Best Practices and Considerations:

model.train() vs model.eval(): Always remember to set your model to the correct mode. model.train() enables features like Dropout and BatchNorm updates, while model.eval() disables them, which is crucial for consistent evaluation results.
optimizer.zero_grad(): Clear gradients at the beginning of each training step.
torch.no_grad(): Use this context manager during evaluation to save memory and computations.

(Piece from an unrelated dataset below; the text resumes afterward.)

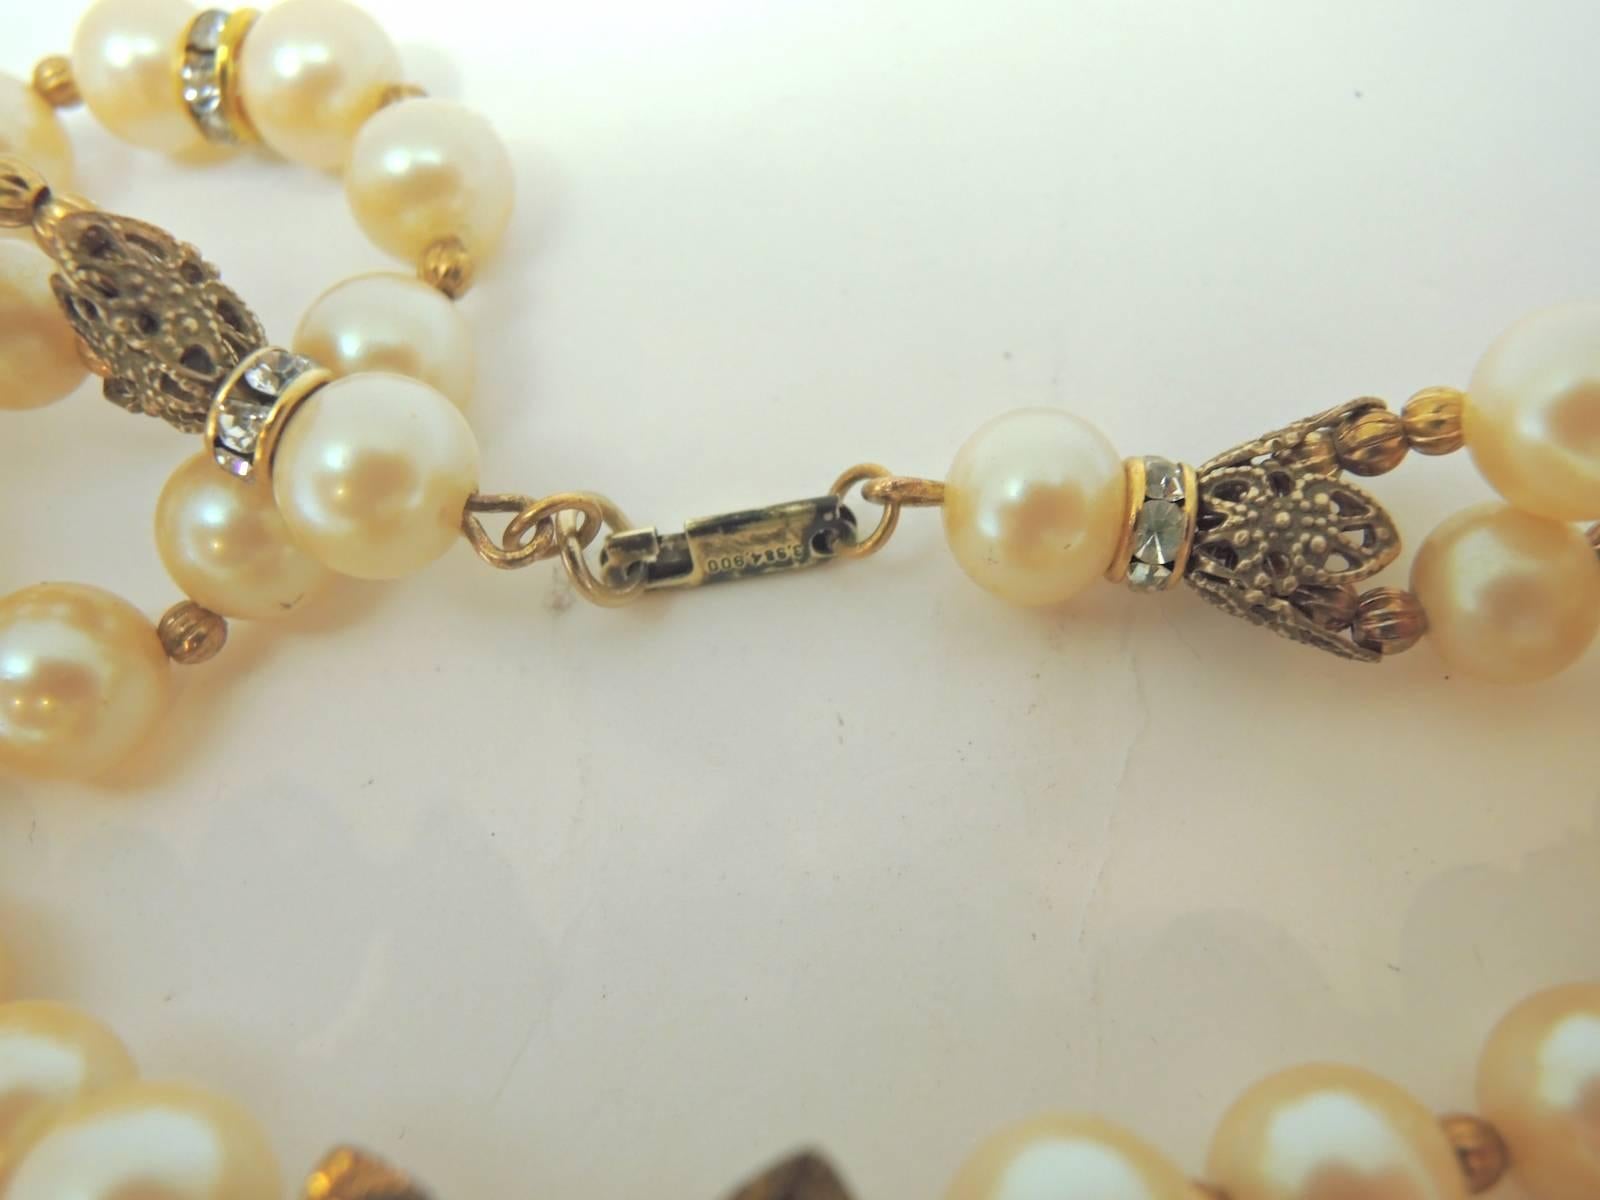 This Miriam Haskell necklace was designed with two strands of faux pearls. There are rondelles and gold tone beads that are used as spacers. This necklace leads to a lovely centerpiece made with three large flowers. All of them have faux seed pearls

Device Management: Move your model and data to the appropriate device (CPU/GPU) using .to(device).
Hyperparameter Tuning: Experiment with learning_rate, batch_size, num_epochs, and optimizer choices.
Early Stopping: Stop training if validation performance plateaus or degrades to prevent overfitting.
Learning Rate Schedulers: Dynamically adjust the learning rate during training.

This comprehensive example demonstrates how to implement a full training and evaluation loop in PyTorch. From here, you can explore more complex architectures, advanced training techniques, and deployment strategies.